We will now consider the Boston housing data set, from the ISLR2 library.
attach(Boston)
pop.mean <- mean(medv)
pop.mean
## [1] 22.53281
Solution: The estimated population mean for the “medv” variable is 22.53.
pop.se <- sd(medv) / sqrt(dim(Boston)[1])
pop.se
## [1] 0.4088611
Solution: The estimate of the standard error of ˆµ is 0.409.
set.seed(1)
boot.fn <- function(data, index) {
mu <- mean(data[index])
return (mu)
}
boot(medv, boot.fn, 1000)
##
## ORDINARY NONPARAMETRIC BOOTSTRAP
##
##
## Call:
## boot(data = medv, statistic = boot.fn, R = 1000)
##
##
## Bootstrap Statistics :
## original bias std. error
## t1* 22.53281 0.007650791 0.4106622
Solution: The estimated standard error of ˆµ using the bootstrap is 0.411. This result is very close to our result in (b), which was 0.409.
t.test(medv)
##
## One Sample t-test
##
## data: medv
## t = 55.111, df = 505, p-value < 2.2e-16
## alternative hypothesis: true mean is not equal to 0
## 95 percent confidence interval:
## 21.72953 23.33608
## sample estimates:
## mean of x
## 22.53281
The 95% confidence interval for the One sample t-test is 21.73 - 23.34. The mean is 22.53.

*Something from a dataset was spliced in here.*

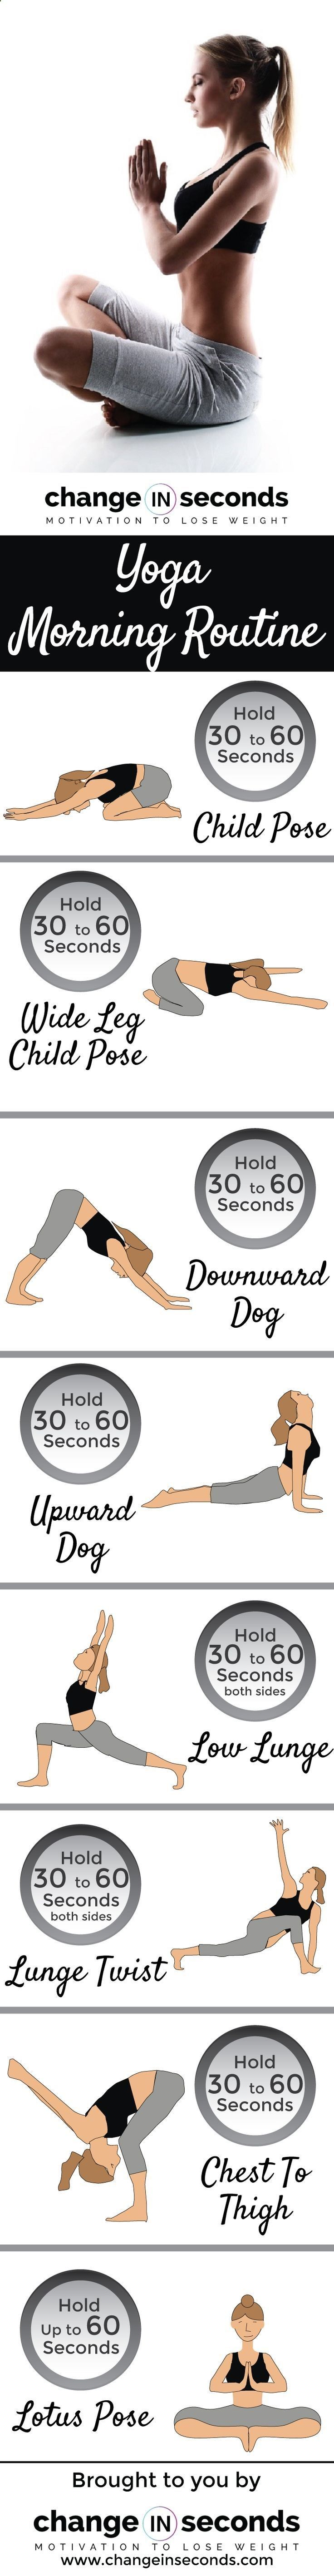 Easy Yoga Workout - Fitness Motivation : Yoga Morning ...

mu.conf.int <- c(22.53 - 2 * 0.4119, 22.53 + 2 * 0.4119)
mu.conf.int
## [1] 21.7062 23.3538
The 95% confidence interval for the mean of “medv” is 21.71 - 23.35. This result is a slightly larger, but very close range to our t-test result of 21.73 - 23.34.
medv.median <- median(medv)
medv.median
## [1] 21.2
Solution: The median for medv is 21.2.
boot.fn <- function(data, index) {
mu <- median(data[index])
return (mu)
}
boot(medv, boot.fn, 1000)
##
## ORDINARY NONPARAMETRIC BOOTSTRAP
##
##
## Call:
## boot(data = medv, statistic = boot.fn, R = 1000)
##
##
## Bootstrap Statistics :
## original bias std. error
## t1* 21.2 -0.0386 0.3770241
Solution: The estimated standard error of ˆµmed using the boostrap function is 21.2, which is identical to our solution in (e).
medv.percent <- quantile(medv, c(0.1))
medv.percent
## 10%
## 12.75
Solution: The estimate for the tenth percentile of medv in Boston census tracts is 12.75.
boot.fn <- function(data, index) {
mu <- quantile(data[index], c(0.1))
return (mu)
}
boot(medv, boot.fn, 1000)
##
## ORDINARY NONPARAMETRIC BOOTSTRAP
##
##
## Call:
## boot(data = medv, statistic = boot.fn, R = 1000)
##
##
## Bootstrap Statistics :
## original bias std. error
## t1* 12.75 0.0186 0.4925766
Solution: The estimate for the tenth percentile of medv in Boston census tracts using the bootstrap function is 12.75, which is identical to our solution in (g).